Which Strategy to Reduce Salt Would Work for You?

By , SparkPeople Blogger
Each time I review a new restaurant for our ongoing Food on the Run or Diet Friendly Dining series, there are always comments wondering why there is so much sodium in restaurant food.

A new Annals of Internal Medicine article looking at information from a cost-effectiveness analysis of sodium reduction strategies suggests that change may be right around the corner.

Although the Dietary Guidelines for Americans recommends a sodium intake of 2,300 mg or less each day, as many as 75 percent of us consume more. Researchers believe cutting sodium intake could save billions of dollars in health care costs by significantly reducing the numbers of heart attacks and strokes that occur each year. A Stanford University School of Medicine study team along with the Veterans Affairs Palo Alto Health Care System used computer models to evaluate salt intake reduction models. They reviewed two scenarios to reduce populous salt intake -- one using a voluntary collaboration model and the other which included a national tax on salt.
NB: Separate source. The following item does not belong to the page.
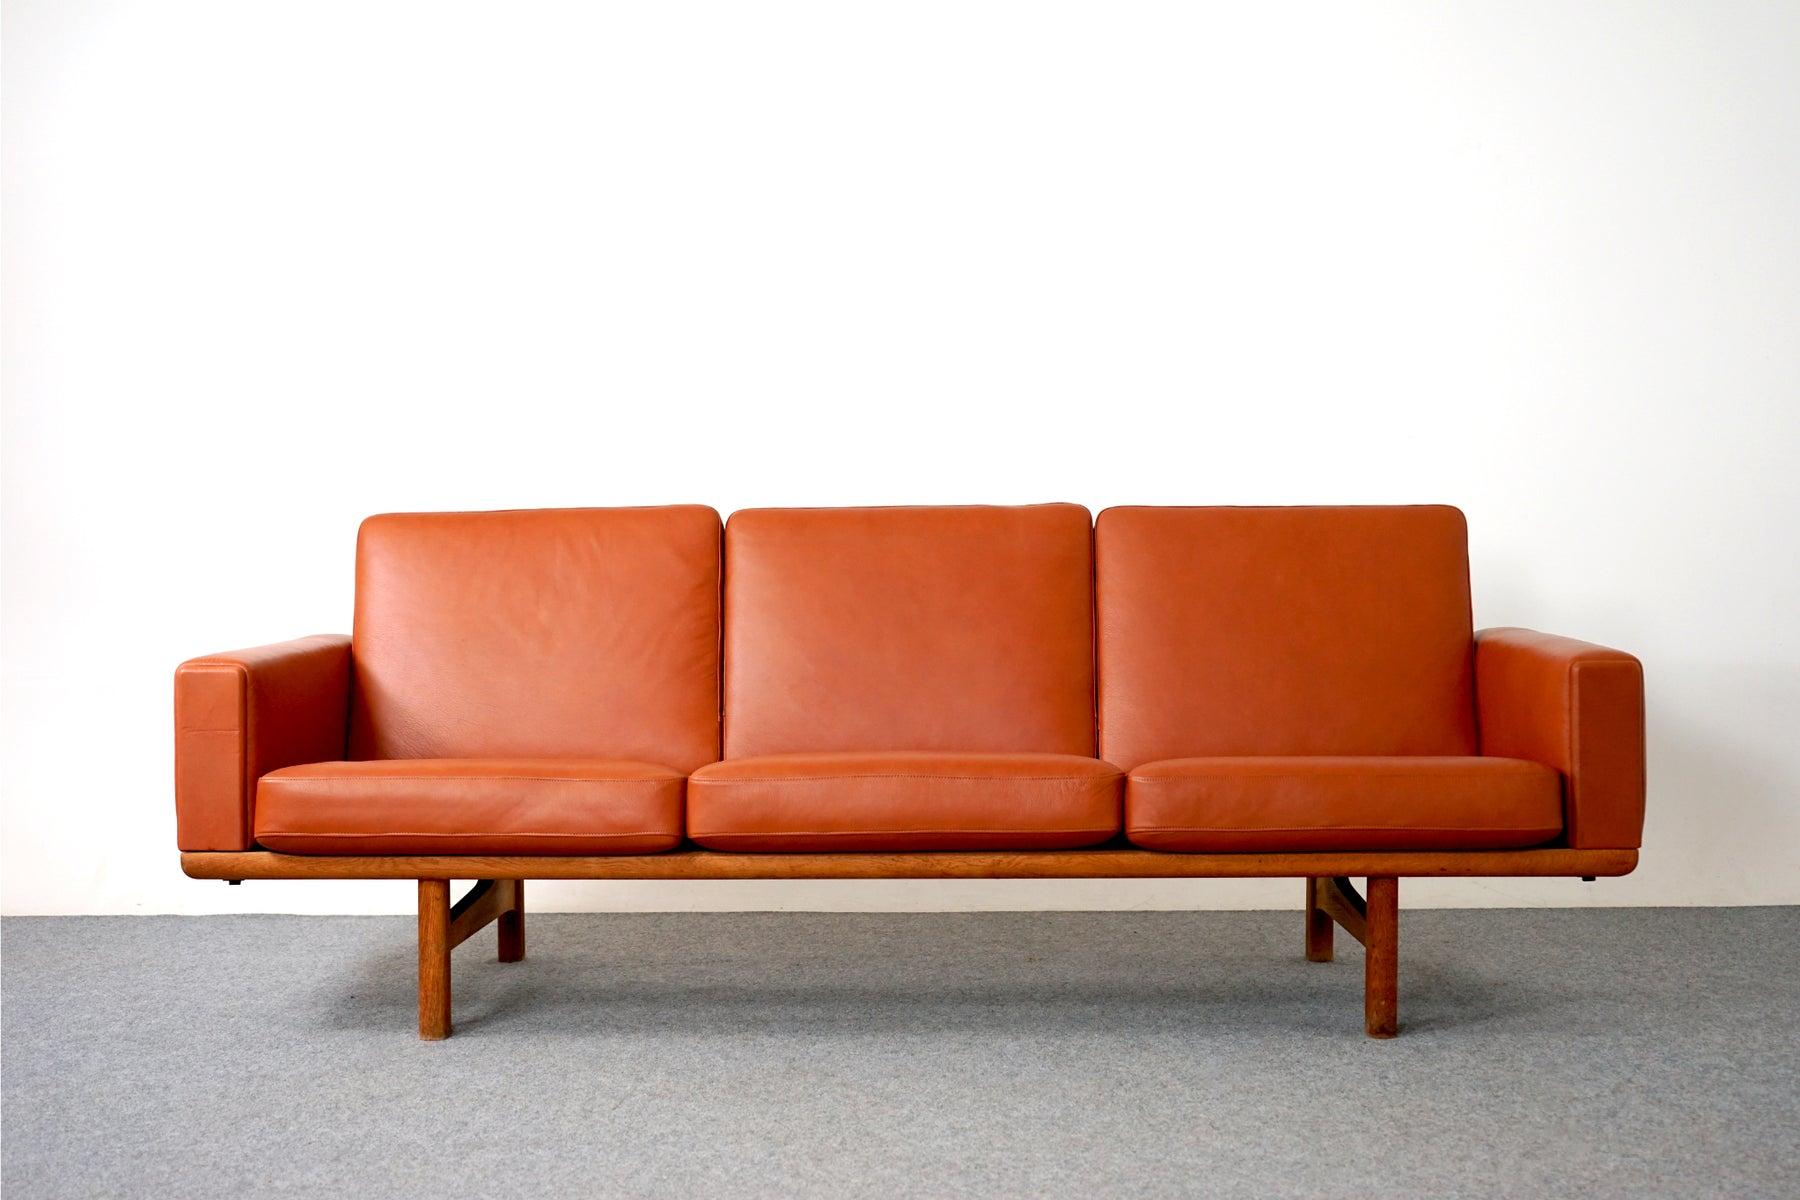 Dänisches Sofa aus Eiche und Leder, Modell GE 236/3 von Hans Wegner für Getama, ca. 1960. Das Gestell des Dreisitzer-Sofas ist aus massiver Eiche gefertigt. Die abnehmbaren, neu gestalteten cognacfarbenen Lederkissen sind mit originalen Metallfedern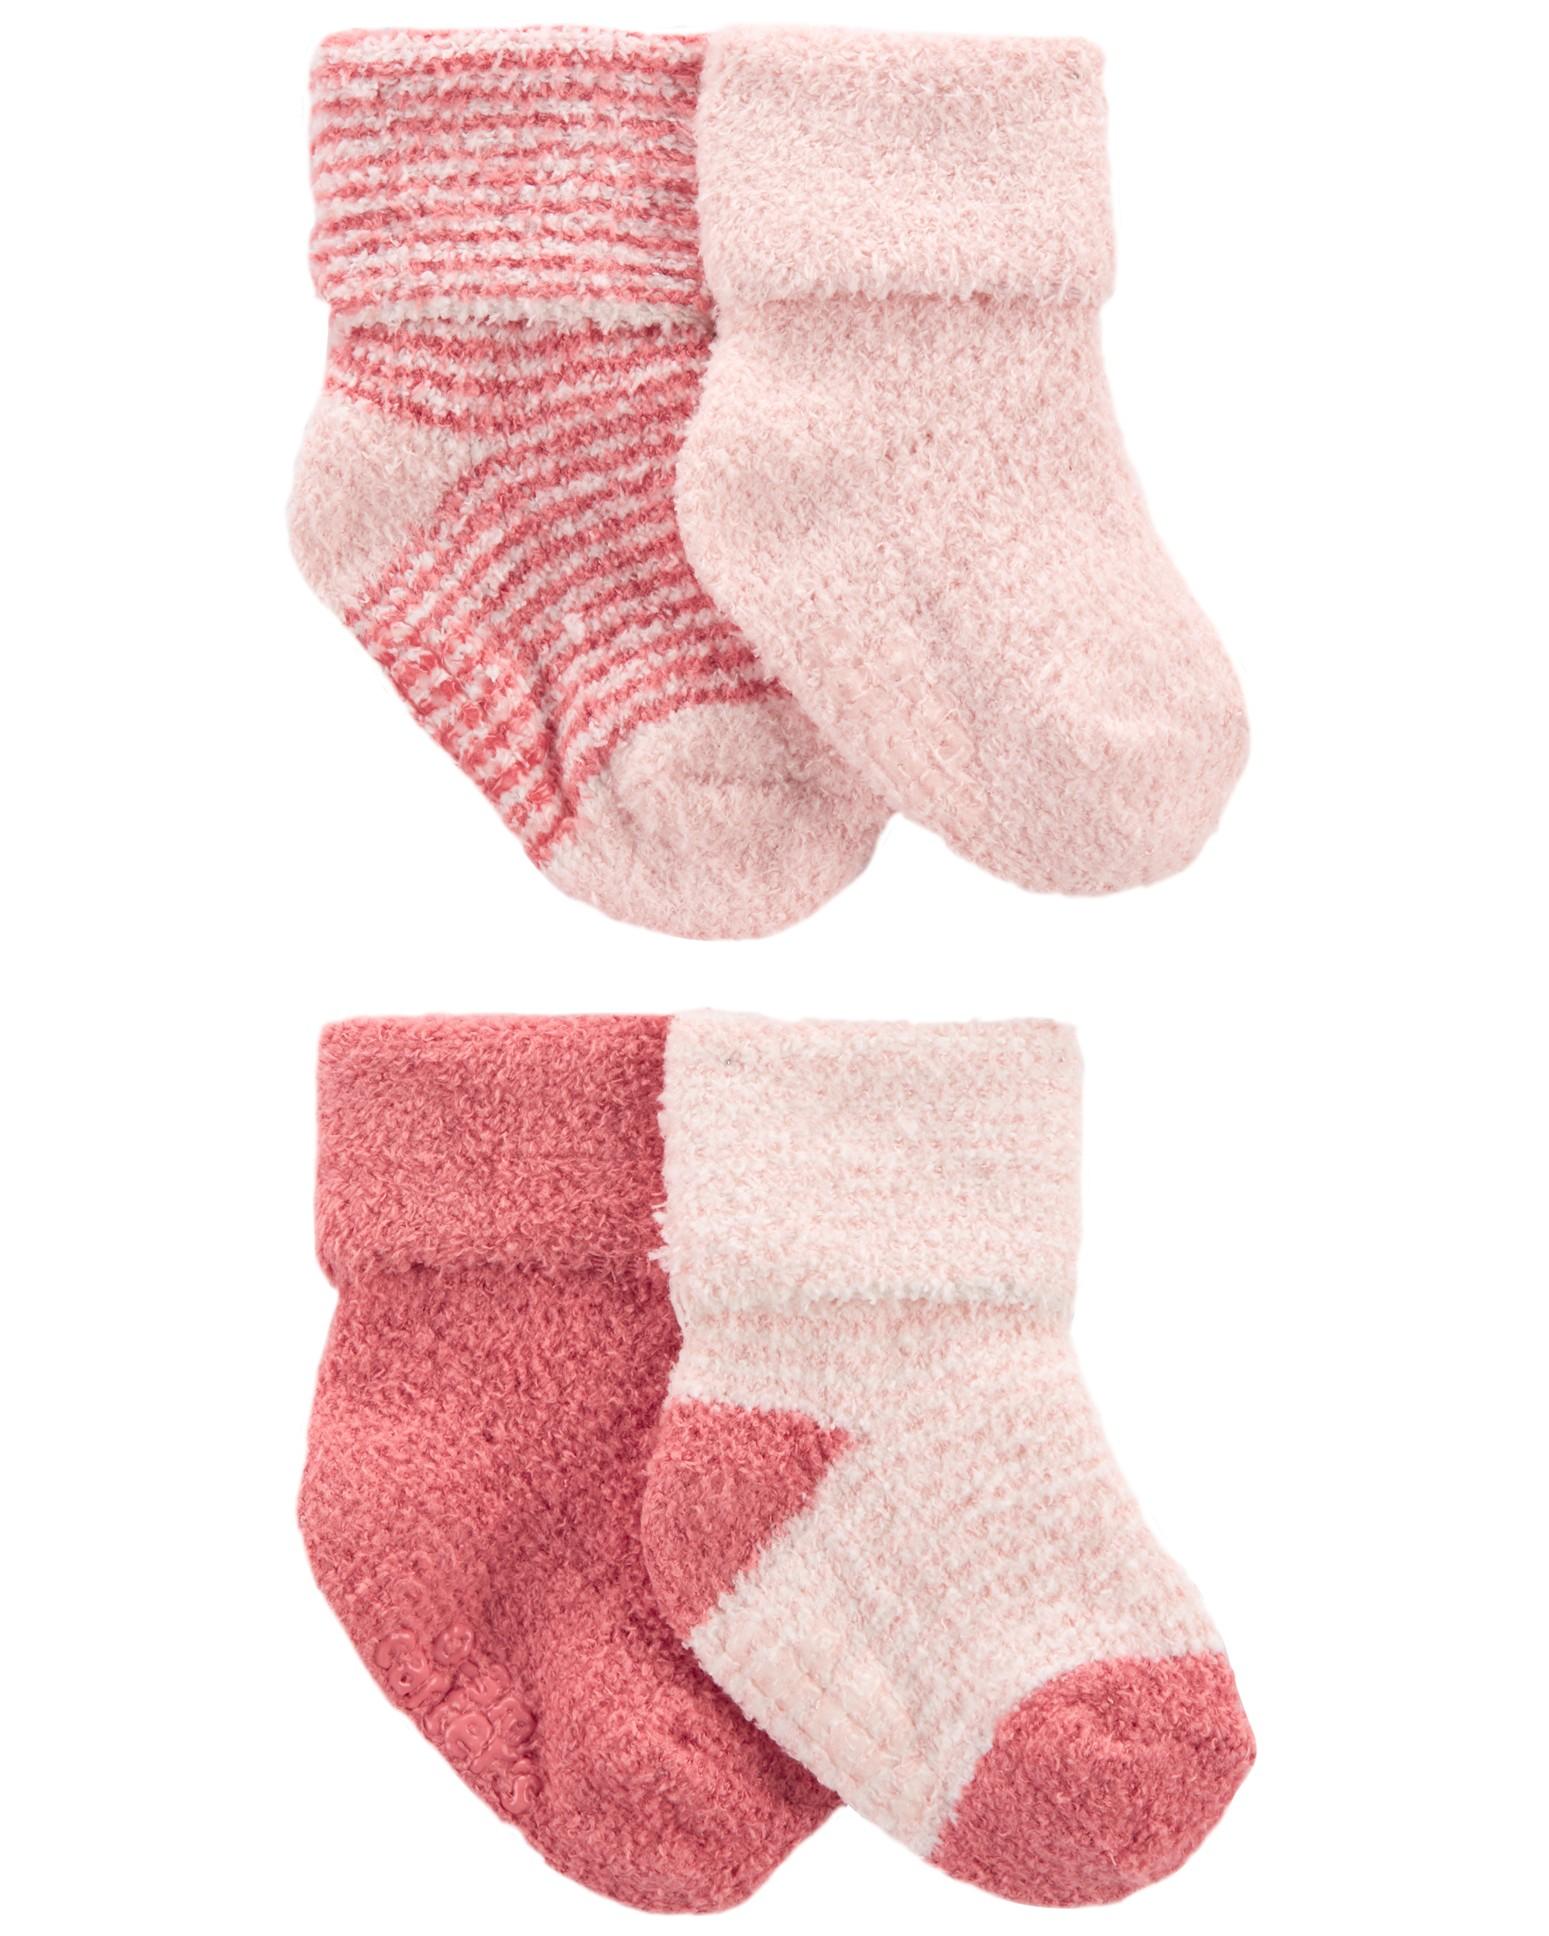 CARTERS CARTER'S Ponožky Stripes Pink dívka LBB 4ks NB/ vel. 56

A government and industry collaboration was projected to reduce American salt intake by 9.5 percent compared to a salt tax that was suspected to only reduce intake by six percent. These model findings supported what has been found effective in Britain through their recent voluntary salt reduction campaign. The campaign in Britain has caused a 20 to 30 percent decrease in salt content of processed foods sold since 2003. Other countries such as Japan, Australia and Canada have launched similar initiatives according to Dr. Thomas Frieden, director of the U.S. Centers for Disease Control and Prevention.

By cutting salt intake by 10 percent, adults between the ages of 40 and 85 could see 513,885 fewer fatal strokes and 480,358 fewer heart attacks over their lifetime. The largest majority of salt intake comes from processed foods and restaurant meals so it would be necessary for the food industry to cooperate if intake reductions were to happen. While health agencies would prefer voluntary cooperation, salt content regulations may be necessary and mandated for compliance with targets. In January, the city of New York began encouraging food makers and restaurants to reduce salt use with a challenge to meet a 25 percent reduction over the next five years.

What do you think will work better – voluntary reductions and collaboration or salt taxes? Why?